By Leonard Wolfe
 
In his March 17 op-ed, “Rural broadband: A key to the success of U.S. agriculture,” CoBank CEO Robert B. Engel’s proposal to increase rural broadband access poses an interesting question: who should finance the companies that are able to provide that access?

America’s farmers deserve a sure thing, and taxpaying banks are ready and eager to finance rural broadband so that hardworking farmers across the nation have the tools they need to feed the world. But Mr. Engel’s unwritten assumption is that CoBank should be financing the large entities that would provide the critical access to broadband that so many farmers rely on. And CoBank certainly has a history of extending credit to telecommunications corporations – in the past few years CoBank has loaned $725 million to Verizon, $350 million to Frontier Communications, $225 million to US Cellular and $200 million to AT&T. And it seems that CoBank, busy wondering how it could extend these loans, forgot to ask whether it should extend these loans.

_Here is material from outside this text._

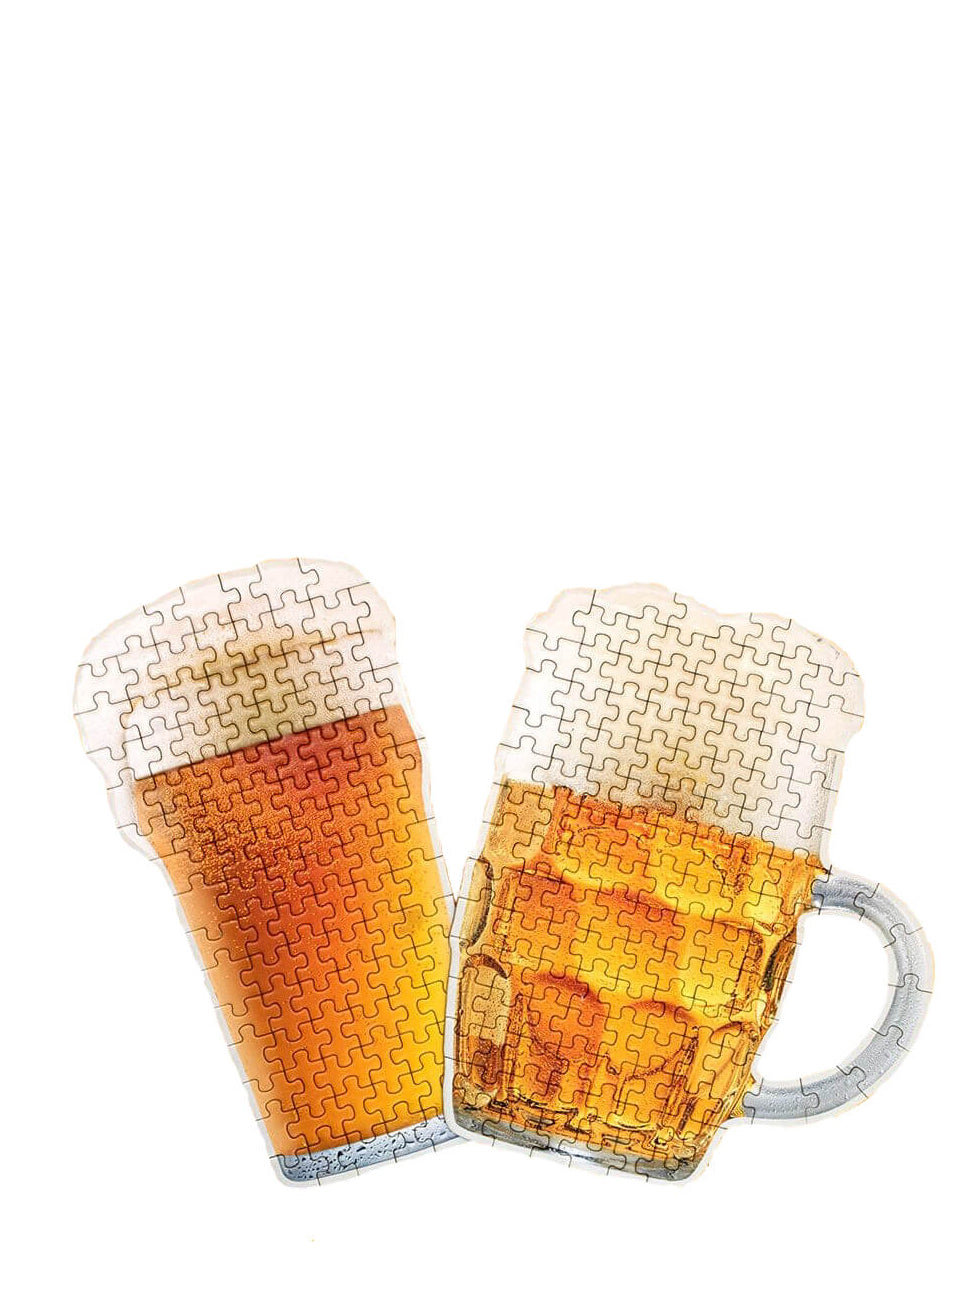 Ale Beer Can Puzzles, 100 pcs each

In December last year, the House Committee on Agriculture questioned CoBank’s regulator about CoBank’s $725 million loan to enable Verizon to acquire a stake in the European cellular company Vodafone. The defense offered for this outrageous breach of public trust was that the loan was permitted under the “similar entity” allowance, meaning that CoBank could extend the loan to Verizon because it was a similar entity to a rural telephone cooperative. Verizon, we can all agree, is not similar to a rural telephone cooperative.

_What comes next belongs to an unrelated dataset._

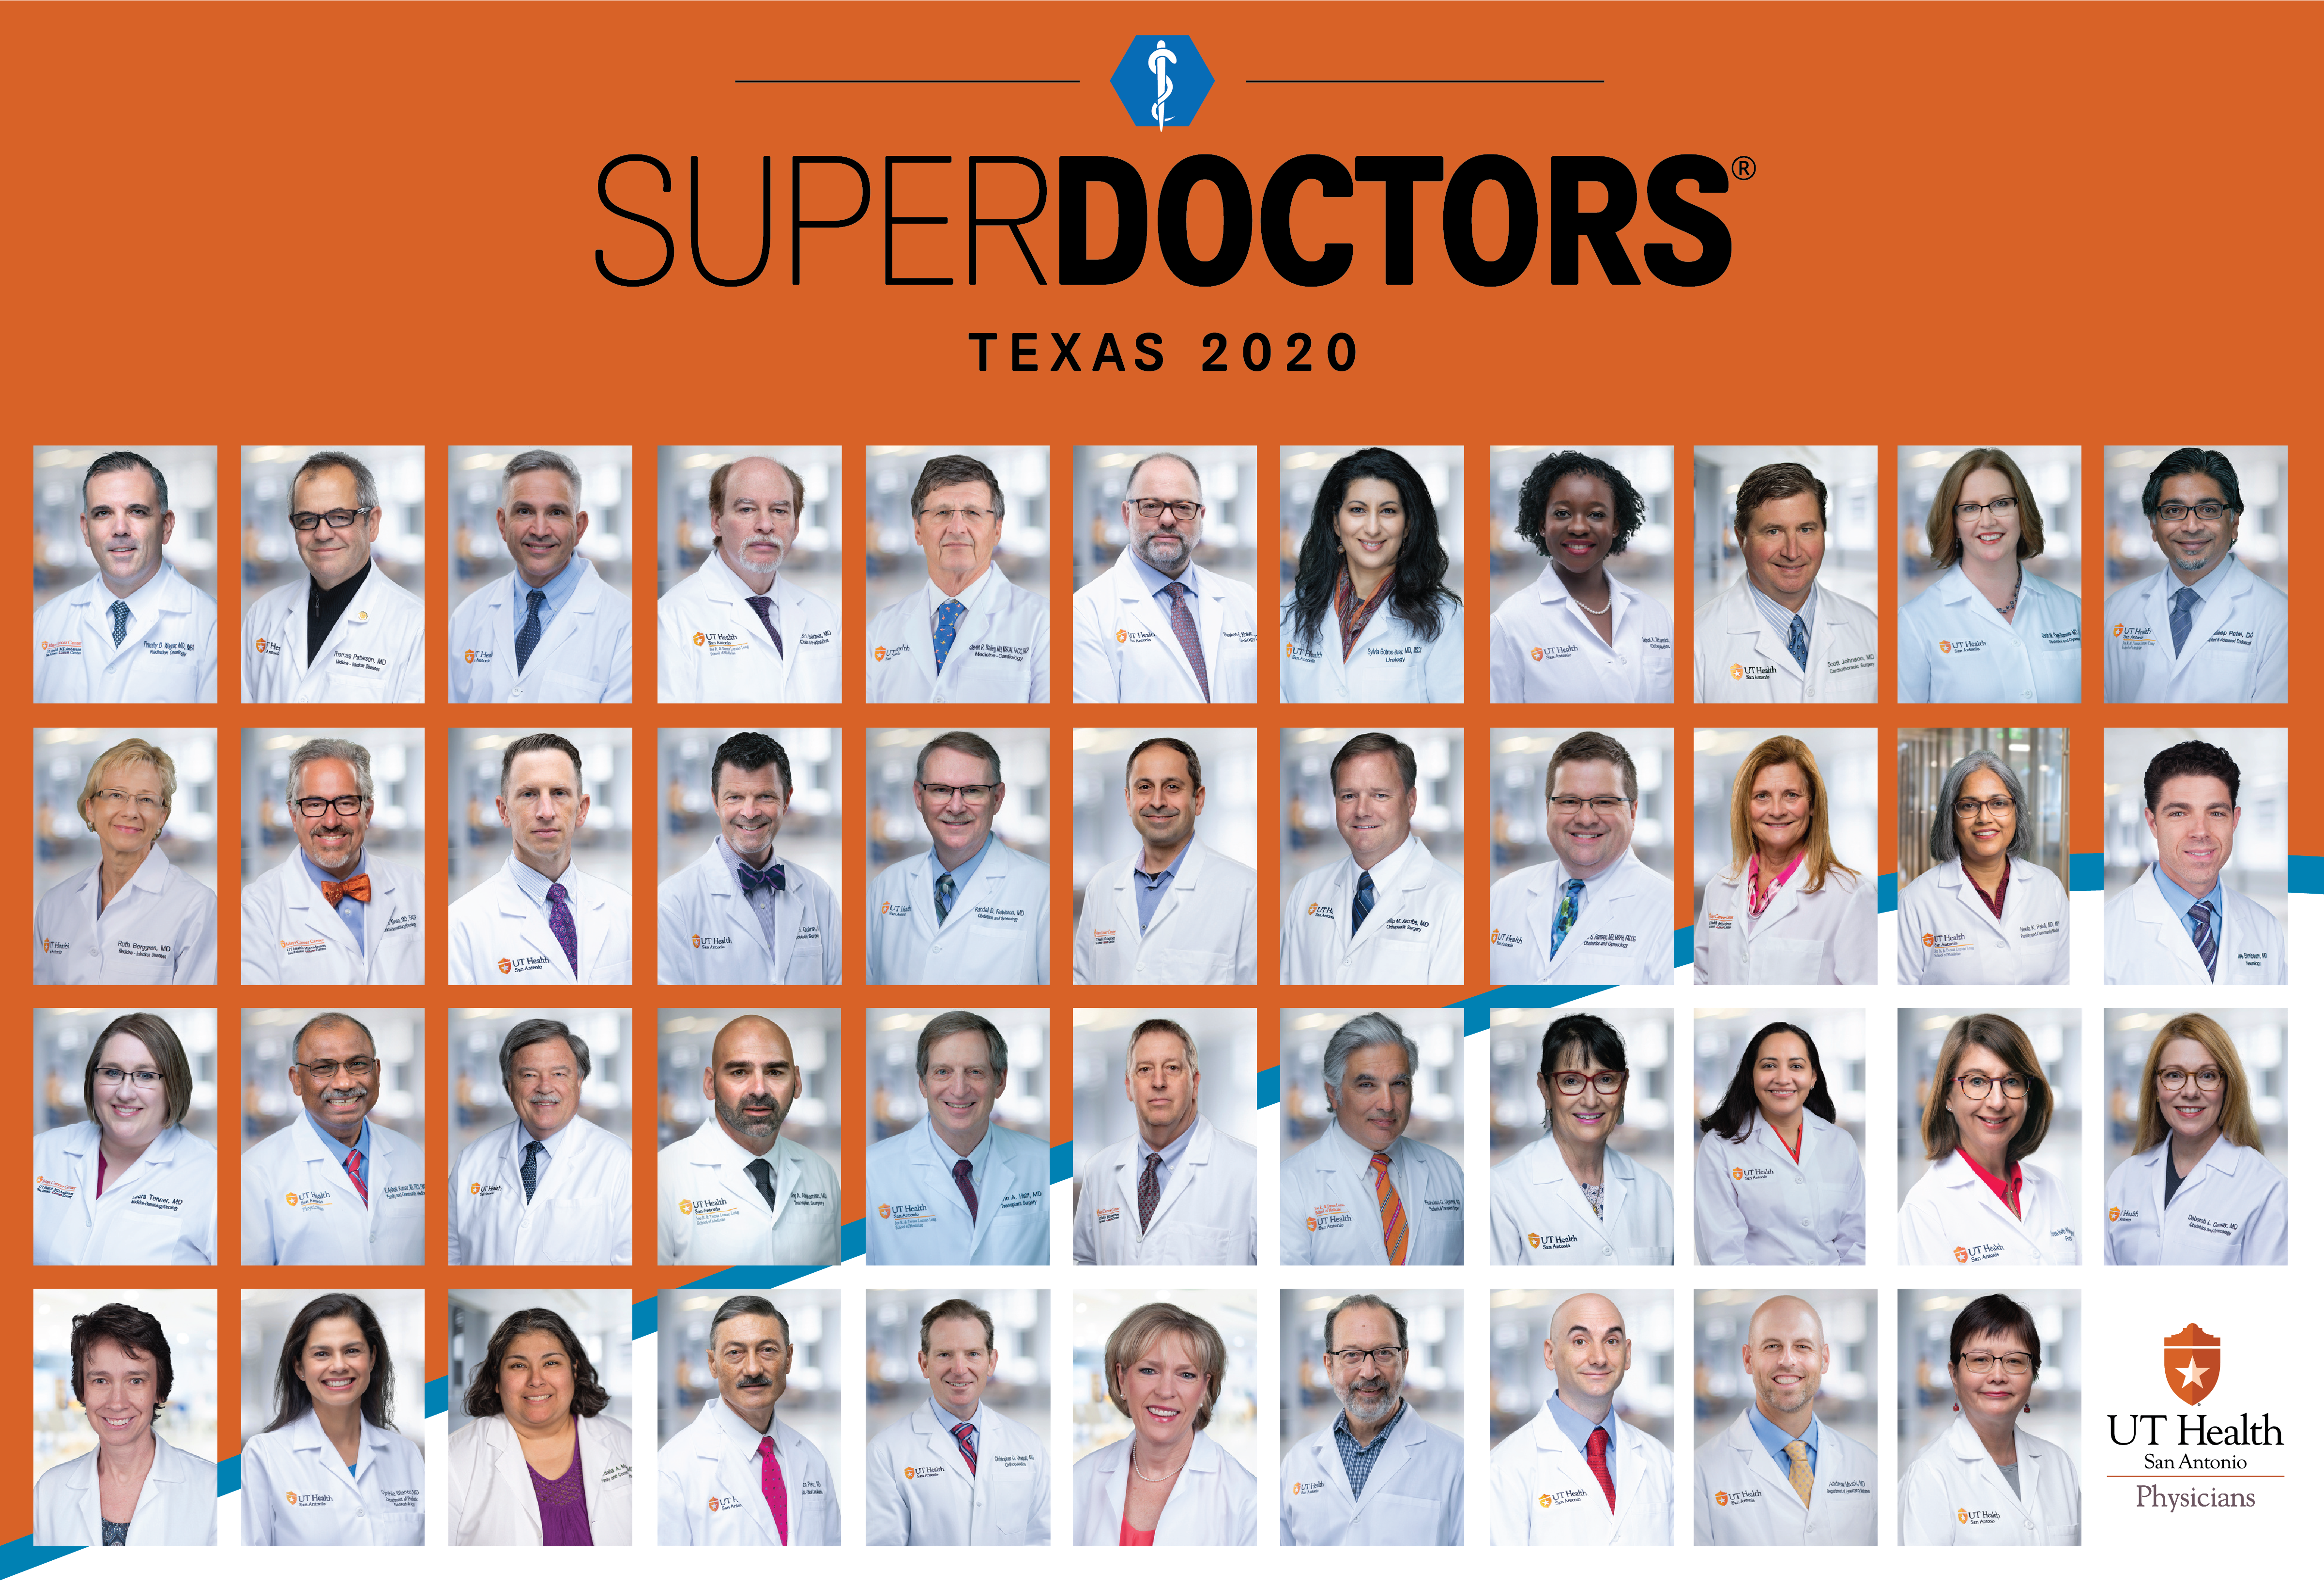 photograph displaying the Super Doctor awardees

If enacted, Mr. Engel’s proposal, though seemingly well-intentioned, would have an ancillary benefit – CoBank could retroactively justify its ill-considered prior loans and continue to extend inappropriate loans to Verizon, Frontier Communications, US Cellular and AT&T.

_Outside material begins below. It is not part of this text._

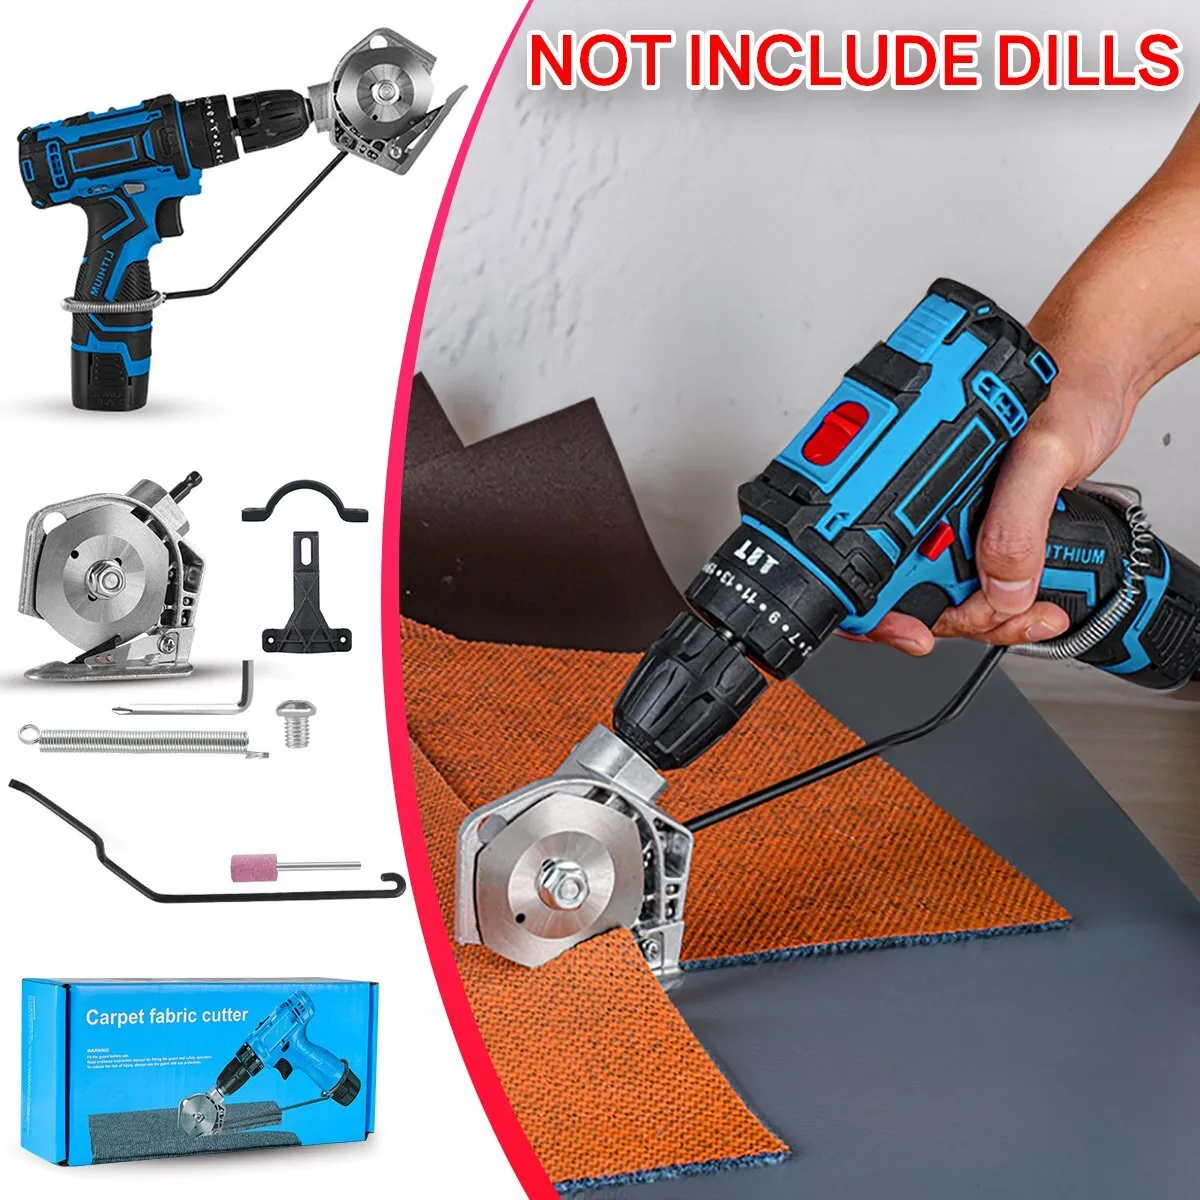 8 Best Electric Rotary Fabric Cutters 2019

One thing is certain: America’s farmers need support and investment. But with this history of tweaking the rules to engage in lending far outside of its mission, can we be sure that CoBank’s primary aim will be to extend loans that will help farmers access broadband?

Leonard Wolfe, president and chief executive officer, United Bank & Trust, a $600 million community bank in Marysville, Kan.